┌─ DATA SECTION

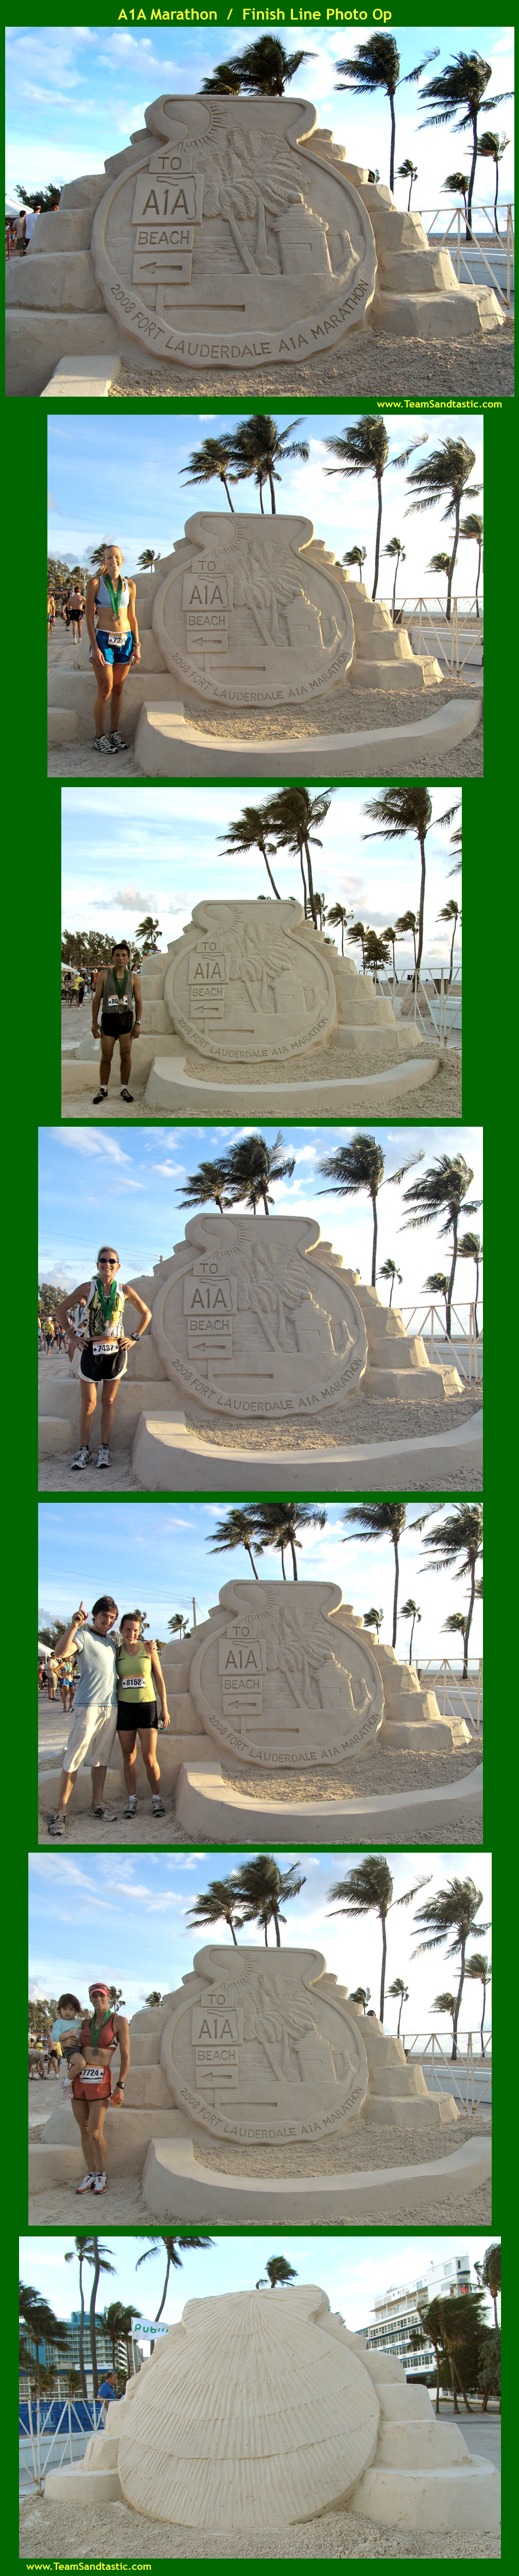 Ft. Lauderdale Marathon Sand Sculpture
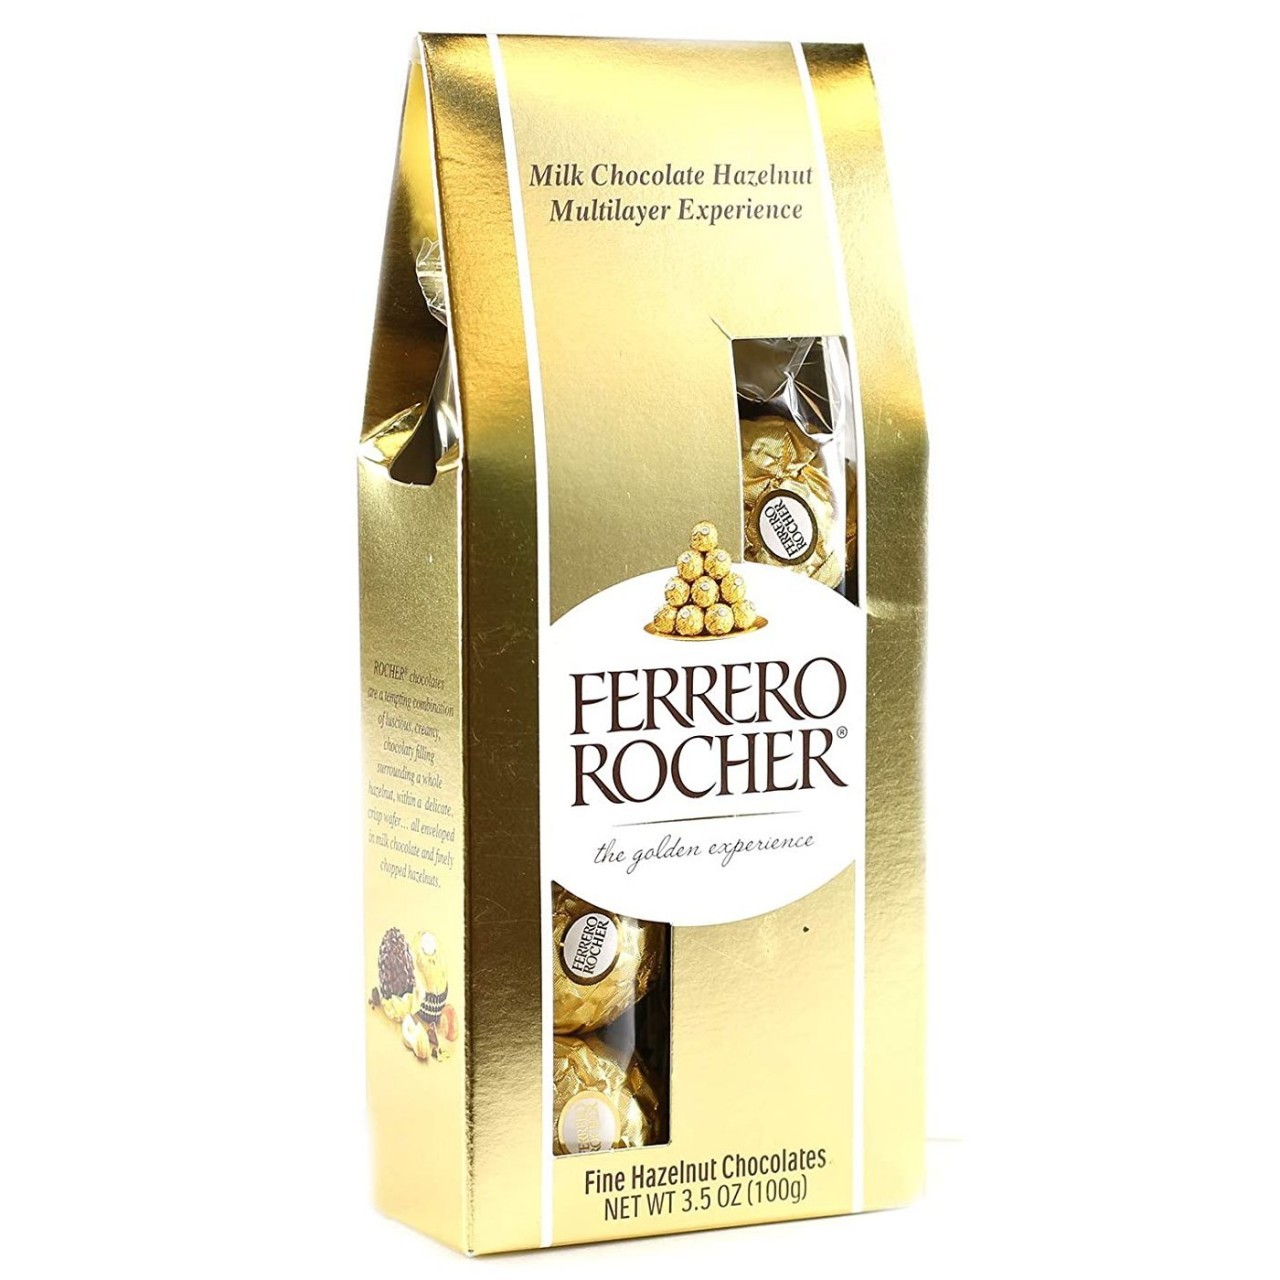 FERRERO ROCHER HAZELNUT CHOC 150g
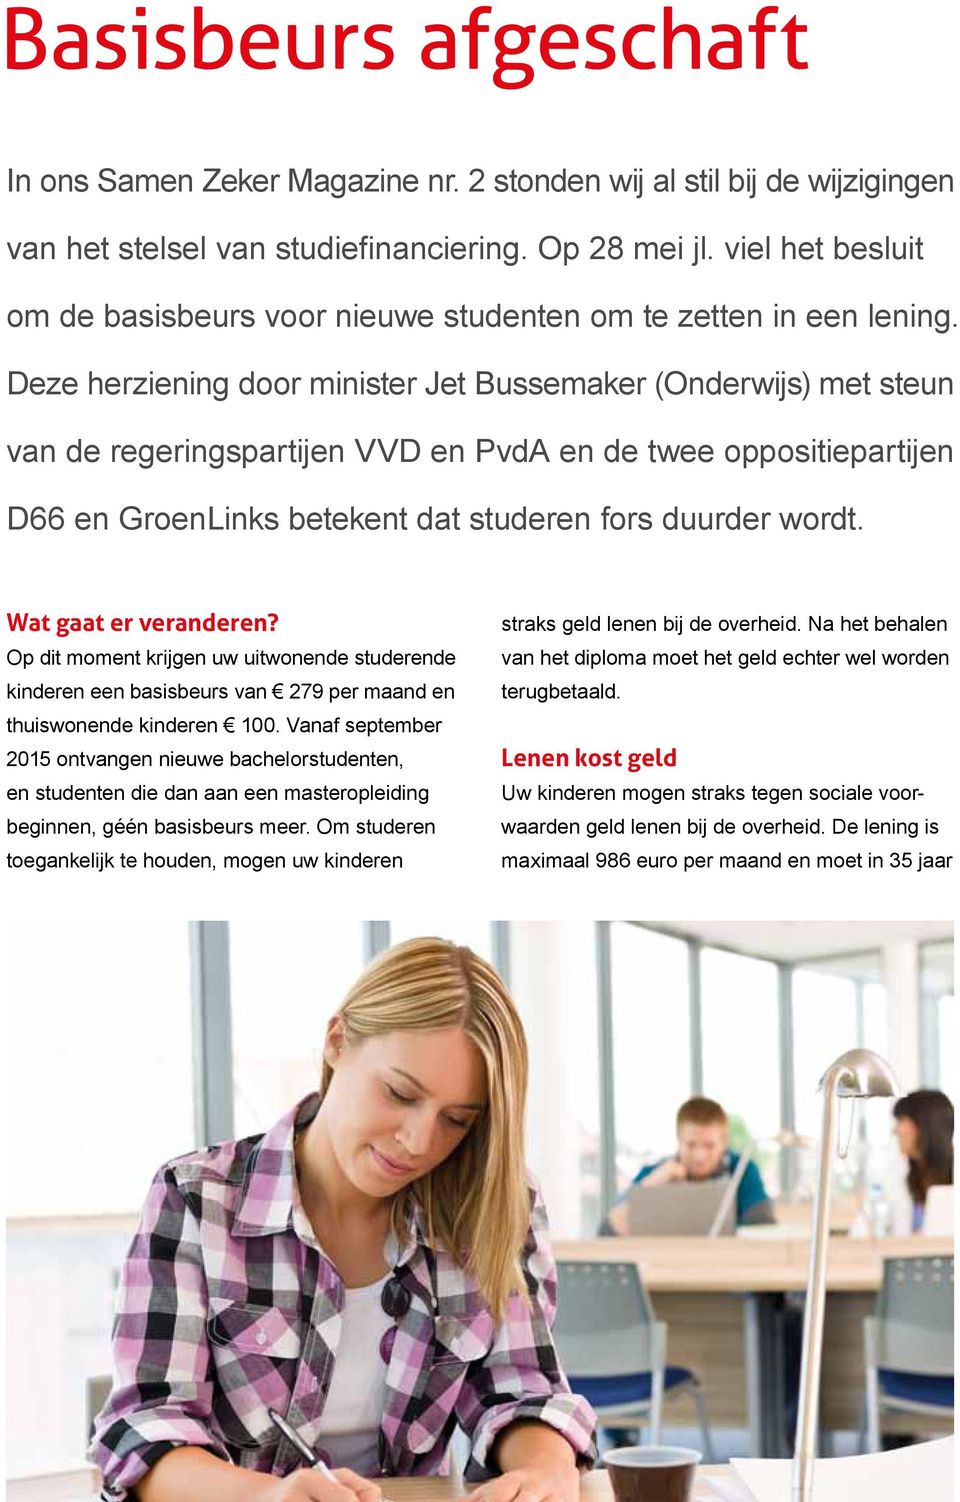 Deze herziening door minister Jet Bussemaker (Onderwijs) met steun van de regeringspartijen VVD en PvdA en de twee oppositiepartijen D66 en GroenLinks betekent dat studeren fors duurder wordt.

└─

_EXERCISE PROMPT_
Only the lines from the one containing "FERRERO ROCHER HAZELNUT CHOC 150g" through the last line of the data above, both included, belong in the reply, each restated exactly and without pictures.

_COMPLETED TASK_
 FERRERO ROCHER HAZELNUT CHOC 150g
 Deze herziening door minister Jet Bussemaker (Onderwijs) met steun van de regeringspartijen VVD en PvdA en de twee oppositiepartijen D66 en GroenLinks betekent dat studeren fors duurder wordt.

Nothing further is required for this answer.